I have many memories, fond memories, so many, too many to share them all. Fond memories of a market research organization that fought for my rights, my career, my purpose, my industry. An industry organization that fought for what I love to do day in and day out. But that organization is gone now. Memories are all I can share.

A eulogy that I hope to never give because it is irrelevant…

I have many memories, fond memories, so many, too many to share them all. Fond memories of a market research organization that fought for my rights, my career, my purpose, my industry. An industry organization that fought for what I love to do day in and day out. But that organization is gone now. Memories are all I can share.

I remember when together we took a stand and fought to be excluded from Do No Call lists. We won.
I remember when together we took a stand and fought to provide incentives for physician research. We won.
I remember when together we took a stand to bring online surveys into the fold of good and honest research.

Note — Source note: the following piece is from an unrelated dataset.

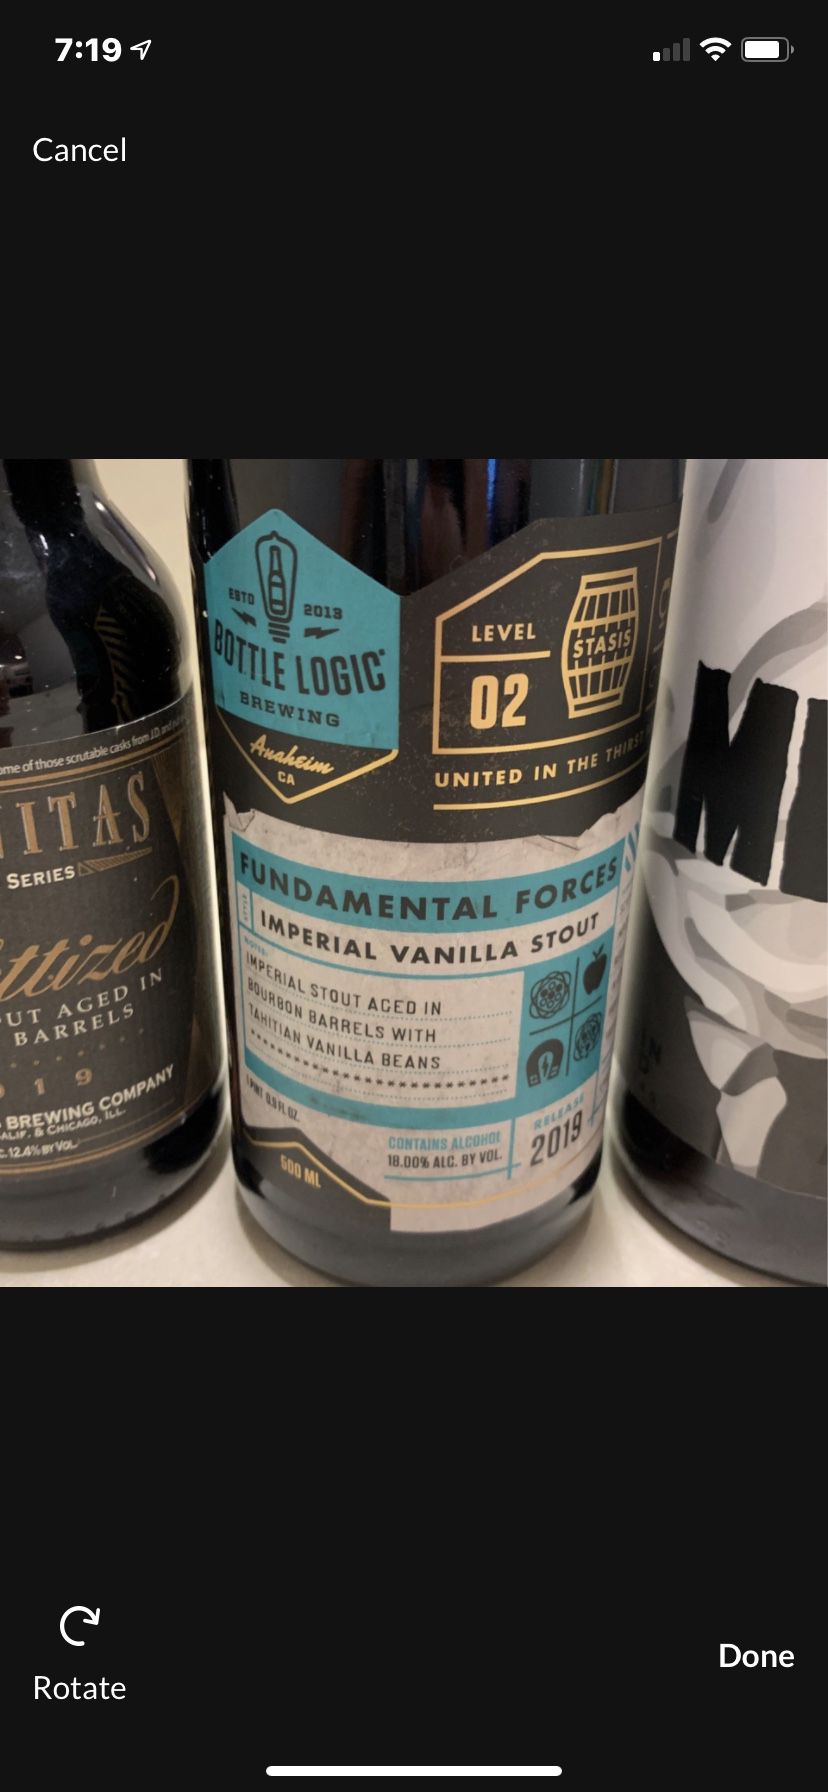 Bottle Logic Brewery 2019 Fundamental Forces Beer (message for contents) - Will Include 5 Other Delicious Bottles!!  Price: $30
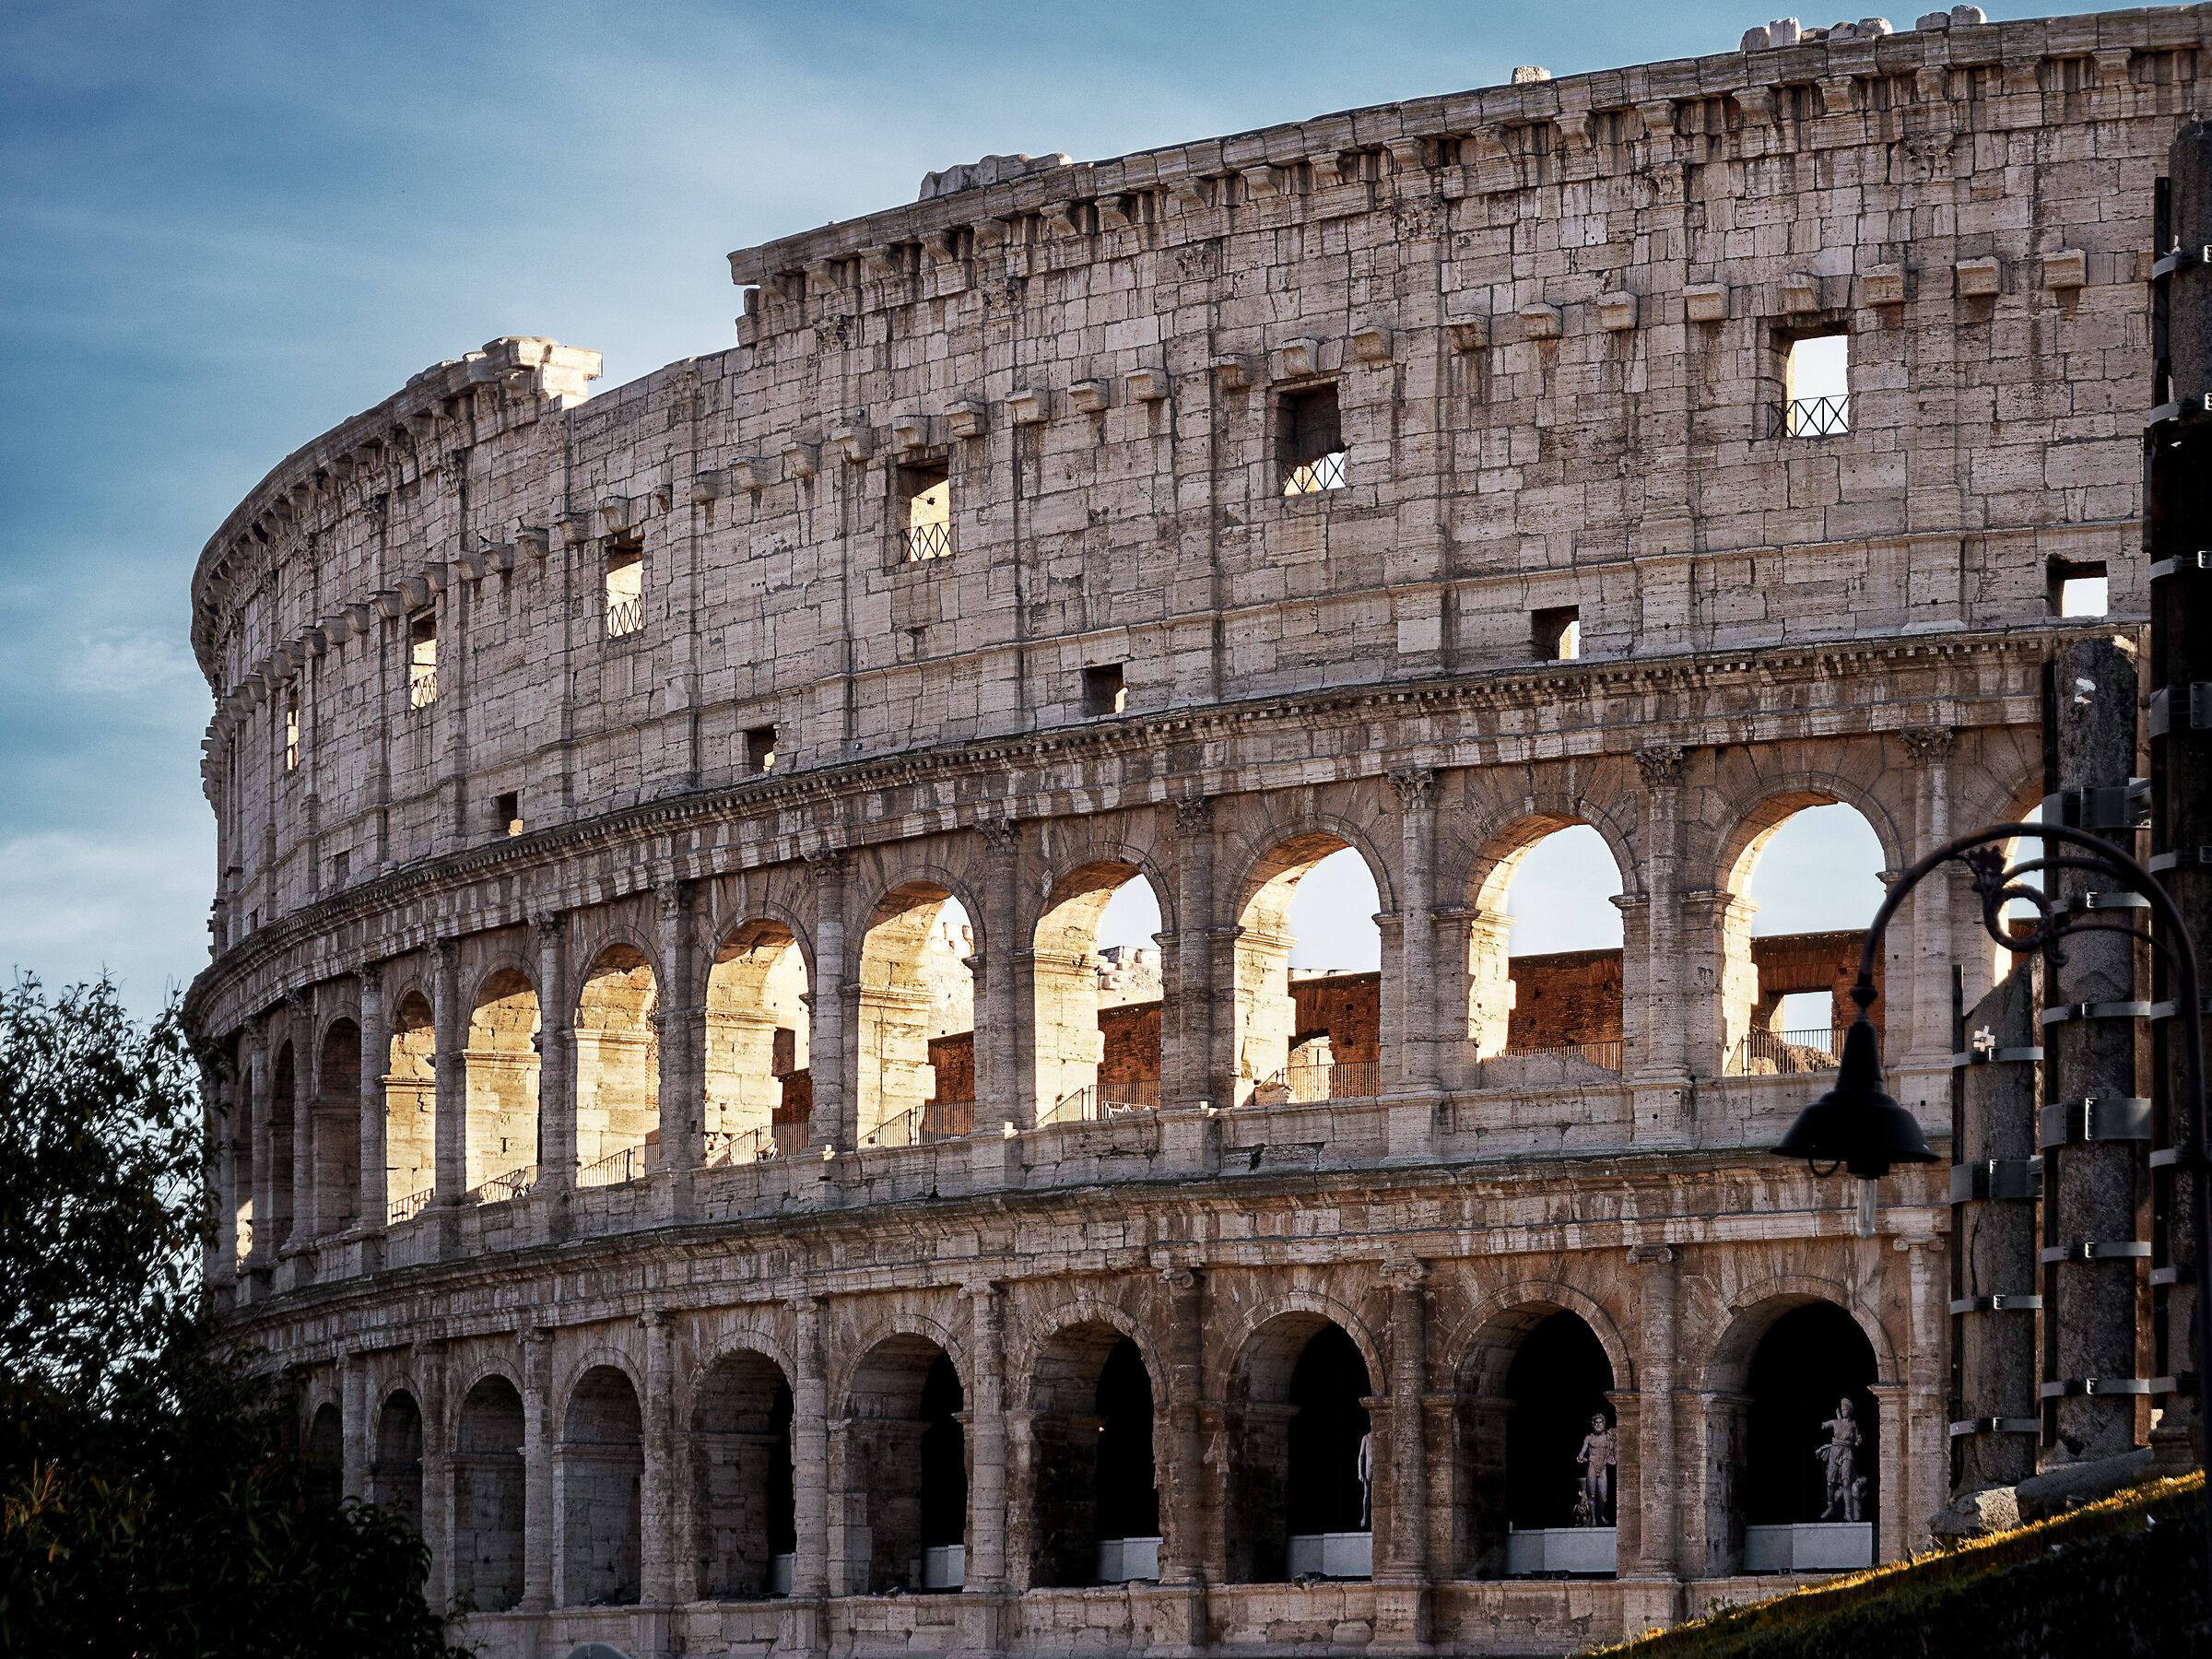 The Old Colosseum...

We won.
I remember when together we loved research conferences and seminars and webinars and papers.

But sadly, I remember the day my beloved organization took a stand and I, torn, could not stand with them. The stand was too severe, too strict. And it was deadly. It turned on us, sold our souls, led us down a sorry path.

I remember the day when the focus on one methodology became so strong that the focus for all other methods was forgotten. The day that observational research and participant-observational techniques were removed from research textbooks. The day we forgot that psychologists, sociologists, anthropologists, all of whom have stricter ethical guidelines than market researchers, use these techniques, thrive on these techniques, and learn so many important things about the human condition with these techniques.

That was the day that the organization I had felt a kinship with ceased to be relevant, to be admired, to be sought after as a thought leader. I remember when the organization decreed that passive listening, observational research, was not a legitimate form of research.

I’m sad. But I wipe away the tears. I moved on. I found someone else to admire. I don’t need them now.